The Information Commissioner’s new guidance on Consent under the General Data Protection Regulation contains some useful guidance for universities and colleges in particular.
On the question of which legal bases are available to universities and colleges – in particular whether they are included within the GDPR’s disapproval of consent and legitimate interests being used by “public authorities” – the previous advice remains, that “[public task] is likely to give [public authorities] a lawful basis for many if not all of [their] activities”. However this is now qualified by the requirement that such activities must be “to perform your official functions as set down in UK law” (p.22) confirming our earlier analysis that where universities and colleges are performing functions that are not “set down in UK law”, the other five legal bases remain available, in the same way (and for the same functions) as for any other organisation.
In the light of the GDPR’s stricter conditions on consent, the guidance repeatedly mentions legitimate interests as an alternative, that will “help ensure you assess the impact of your processing … and consider whether it is fair and proportionate” (p.32). This might apply in particular where an activity will benefit an individual so much that they do not really have a free choice, and it is more appropriate to expect the data controller to assess and minimise any harmful side effects. However the guidance does confirm that a decision does not have to be completely neutral for the individual’s consent to be valid – “it may be possible to incentivise consent to some extent” (p.26).
As discussed at Jisc’s GDPR conference last year, there has been confusion between the ethical requirement for consent when doing research on human subjects and the legal basis for the data processing. The ICO confirms that these are “entirely separate” (p.33) and that a requirement to gain ethical consent does not mean that legal consent is either appropriate or even possible. As above, legitimate interests – with its extra requirement on researchers to manage risks – may be an alternative.

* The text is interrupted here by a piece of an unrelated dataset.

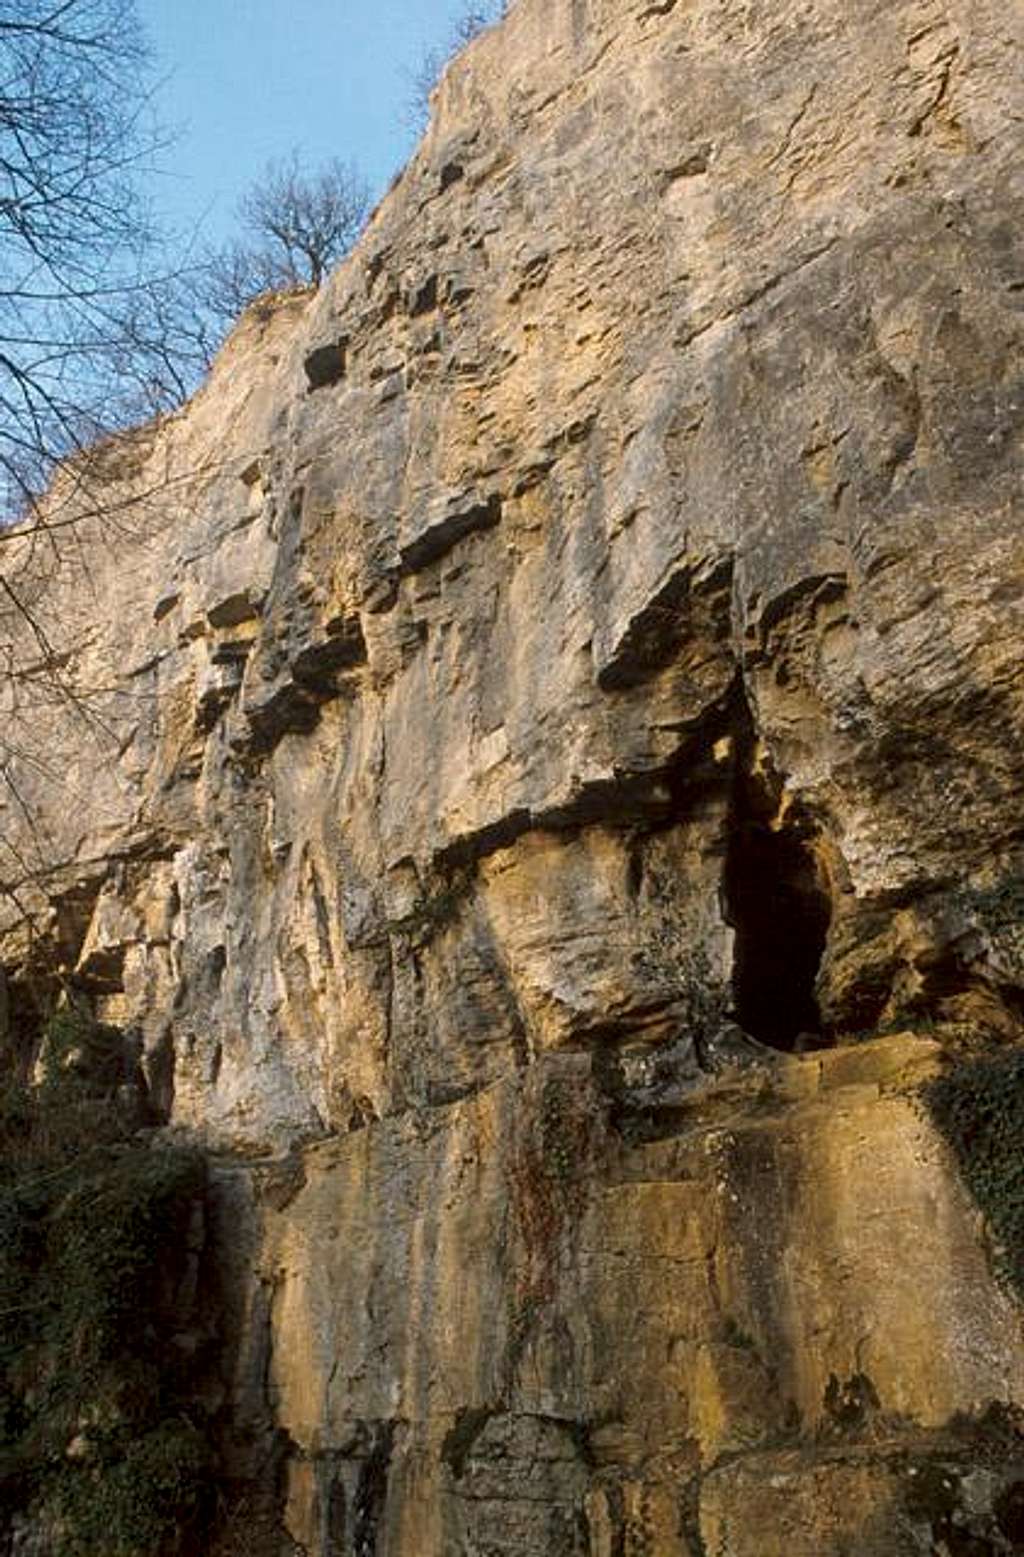 Hauteroche cliff

Finally, where consent is used, page 40 suggests how to think about renewing it. The guidance recognises that situations vary greatly, but suggests as a starting point that consent should be “refreshed” every two years. The requirement to consider “how disruptive repeated consent requests would be to the individual” sounds like an encouragement to refresh consent through normal communications, rather than a repeat of the re-consenting frenzy that has occurred over the past month.